Hace poco más de un año volví a vivir a la Ciudad de México después de pasar tres años en Montreal. Mi biblioteca, o lo que quedaba de ella, estaba repartida, sobre todo, en dos sitios: unas cajas de cartón en un departamento de mi mamá, al sur de la ciudad, y un par de libreros llenos que le dejé encargados a un amigo, en la Colonia Roma.

Mi amigo perdió su casa en el terremoto del 19 de septiembre de 2017. Los libros —suyos y míos— cayeron al piso junto con fragmentos de muro, trozos de yeso y vidrios rotos. Mi amigo logró rescatar la biblioteca y se los llevó a otro departamento, en la colonia Narvarte, donde yo pasé a buscar mis ejemplares con un par de maletas grandes a finales del año pasado.

Mi biblioteca, ahora, convive con la biblioteca de Ana, mi pareja, que es hija de exiliados argentinos que huyeron a México por la dictadura militar. Nuestra biblioteca está organizada por orden alfabético de apellido del autor, sin distinción de géneros. Empieza en los libreros de la sala, que son los más grandes, continúa en el estudio, y el final del abecedario está en el pasillo, frente a la puerta del departamento. El orden alfabético traza un recorrido desde el ventanal hasta la puerta, siguiendo el sentido de las corrientes de aire.
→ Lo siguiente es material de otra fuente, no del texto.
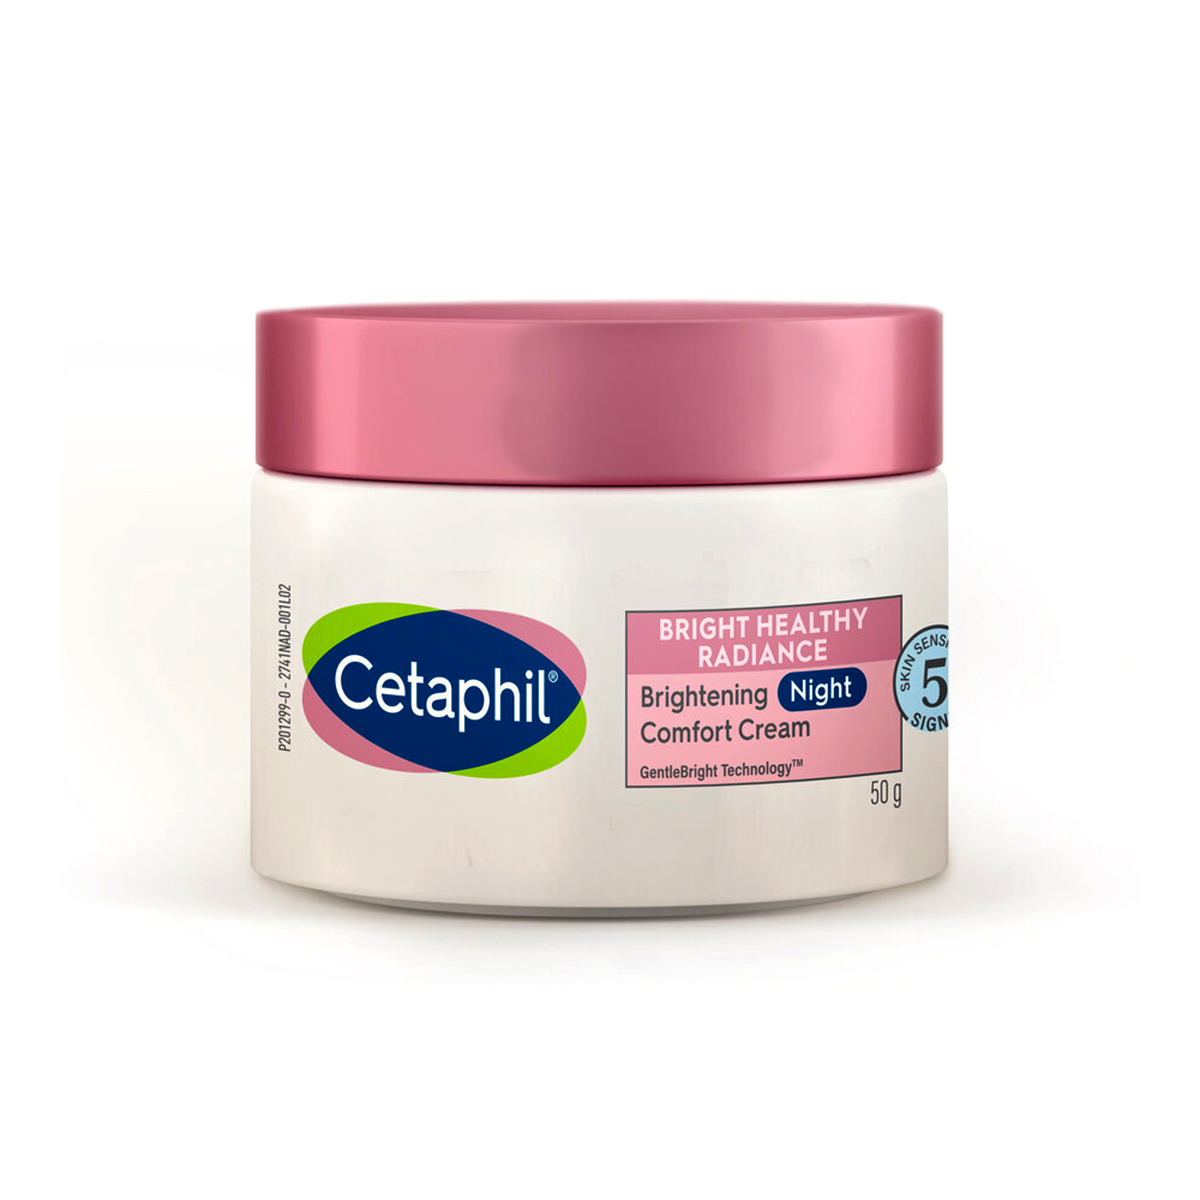 First product image of Cetaphil Brightening Night Comfort Cream 50g

Esa convivencia más o menos azarosa de nuestros libros ha reunido mi historia y la de mi familia con la de ella y los suyos. Nuestra biblioteca común es resultado de mudanzas, exilios, viajes y anécdotas que pasan por México, España, Argentina, Chile, Suiza y Quebec. No son muchos libros, pero entre todos, de alguna manera, dibujan una genealogía: la nuestra.

A veces Ana me cuenta el origen de uno de sus libros —las obras completas de Borges que su abuelo compró por entregas con el periódico, por ejemplo—. Otras veces le cuento yo la historia de esa primera edición que Raúl Zurita me dedicó hace años, durante un invierno santiaguino. Y así nos vamos leyendo, y nos conocemos más a fondo por la intermediación de los libros que tenemos o tuvimos.